Dataset excerpt>
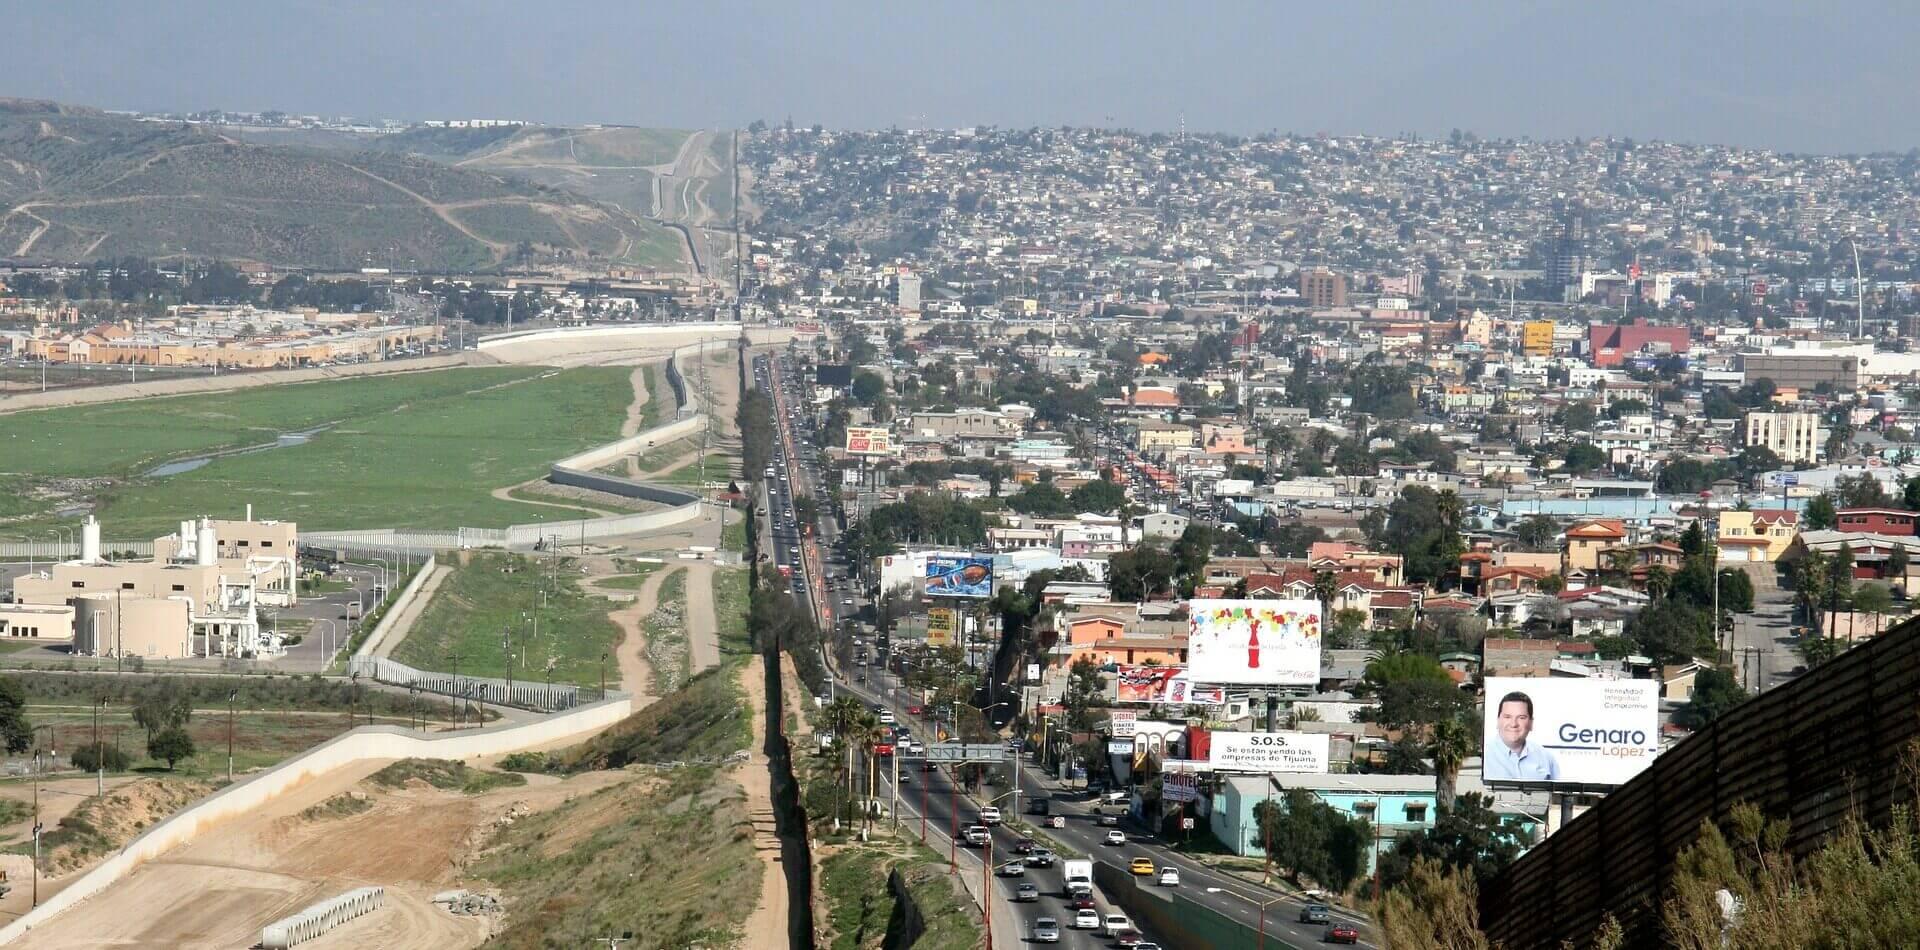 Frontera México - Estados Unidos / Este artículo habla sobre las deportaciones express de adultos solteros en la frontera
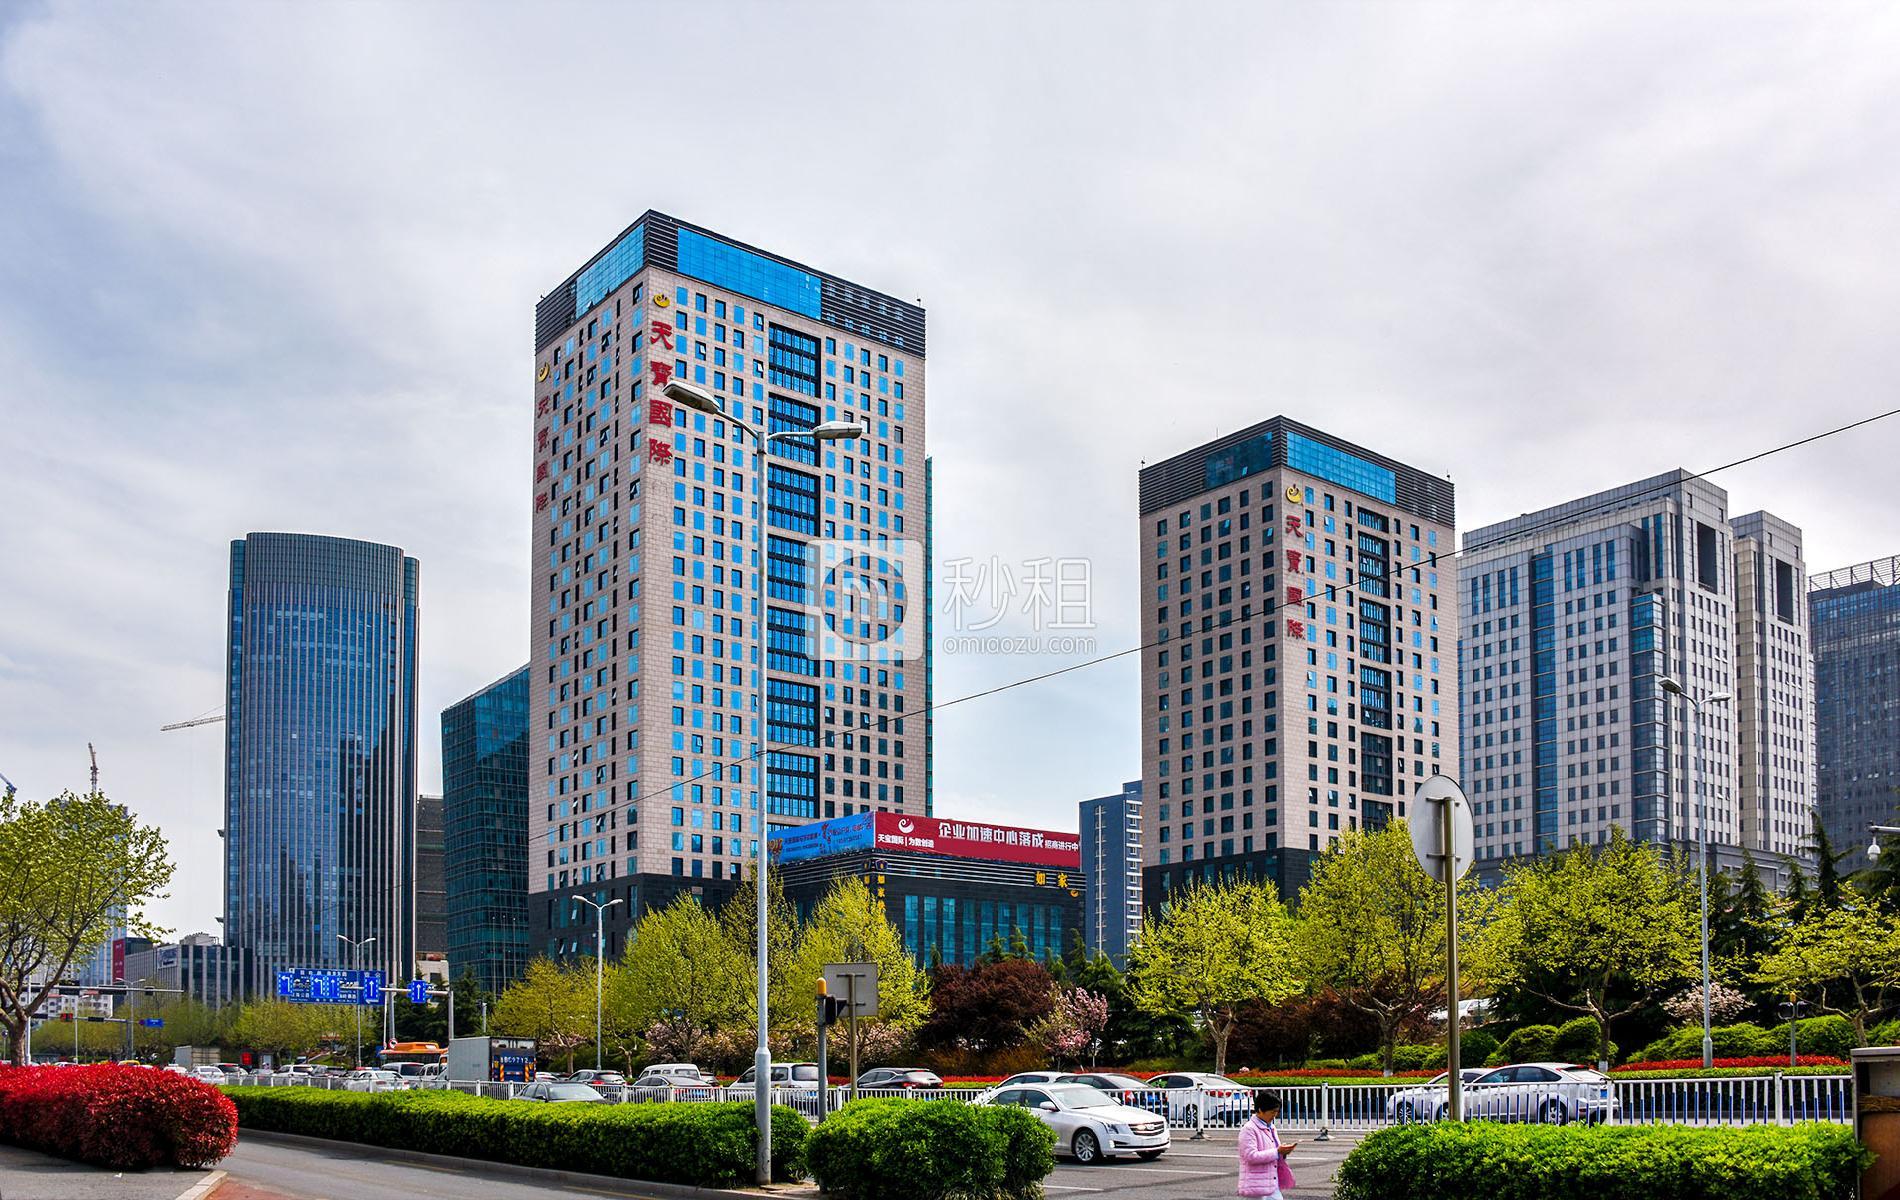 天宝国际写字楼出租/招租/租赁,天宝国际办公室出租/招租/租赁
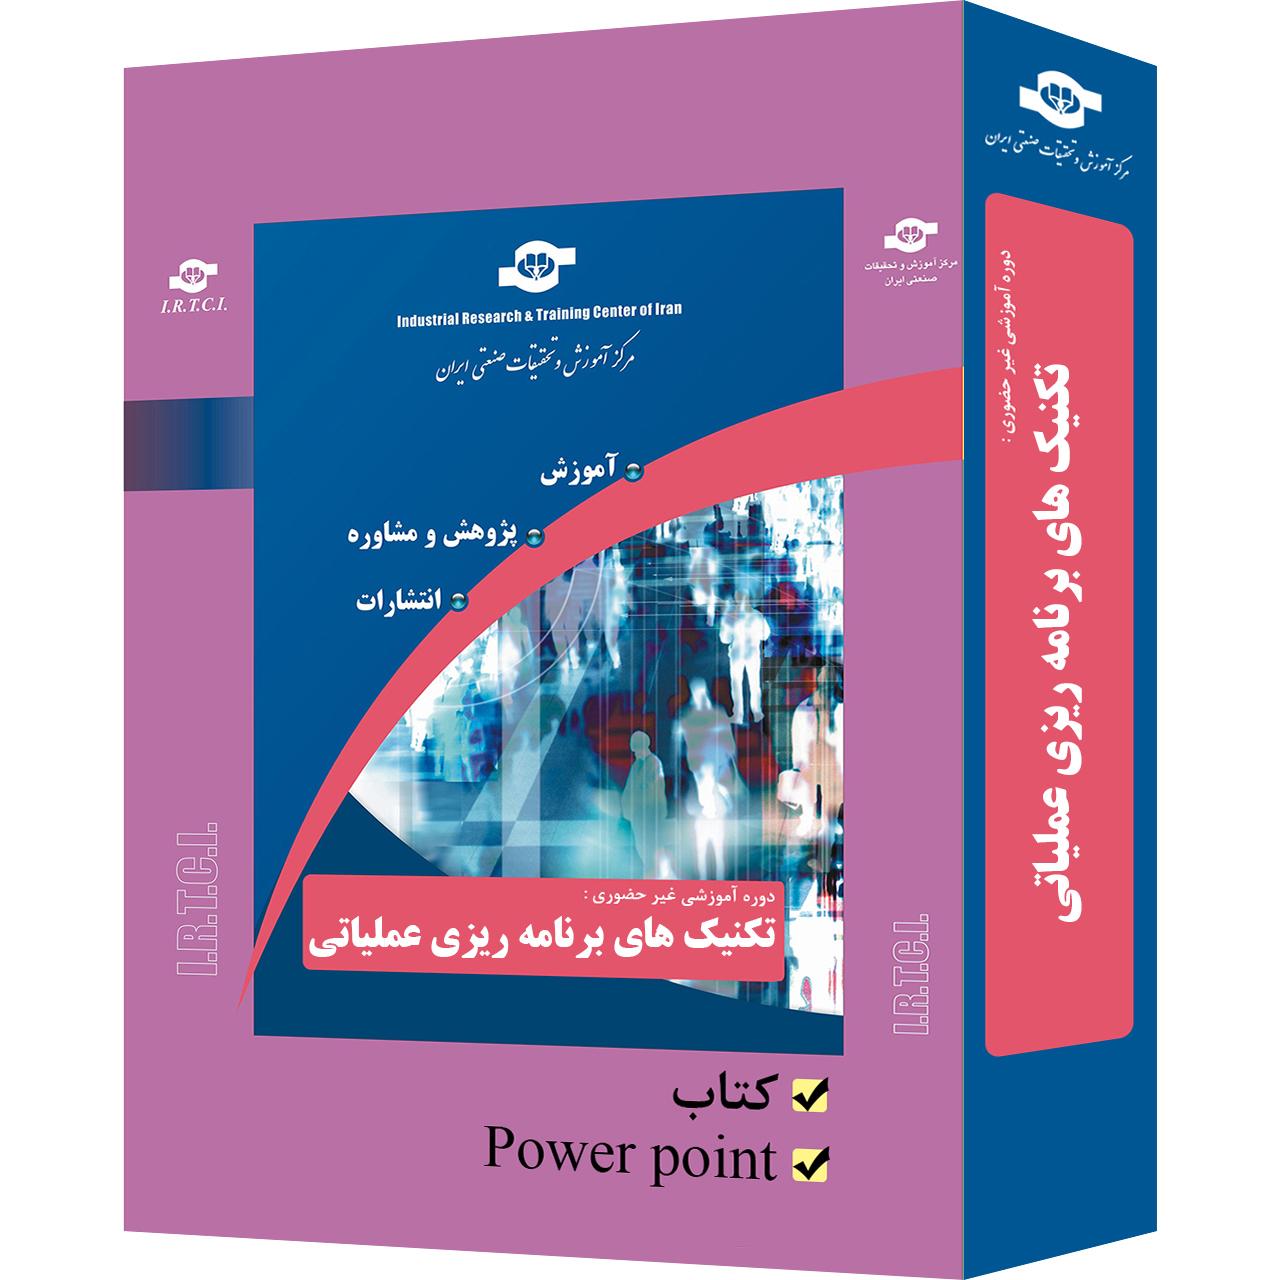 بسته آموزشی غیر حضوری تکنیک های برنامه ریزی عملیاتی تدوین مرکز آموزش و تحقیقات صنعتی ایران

What to do> Copy out the listing word for word and skip its pictures.

Response>
 Frontera México - Estados Unidos / Este artículo habla sobre las deportaciones express de adultos solteros en la frontera
 天宝国际写字楼出租/招租/租赁,天宝国际办公室出租/招租/租赁
 بسته آموزشی غیر حضوری تکنیک های برنامه ریزی عملیاتی تدوین مرکز آموزش و تحقیقات صنعتی ایران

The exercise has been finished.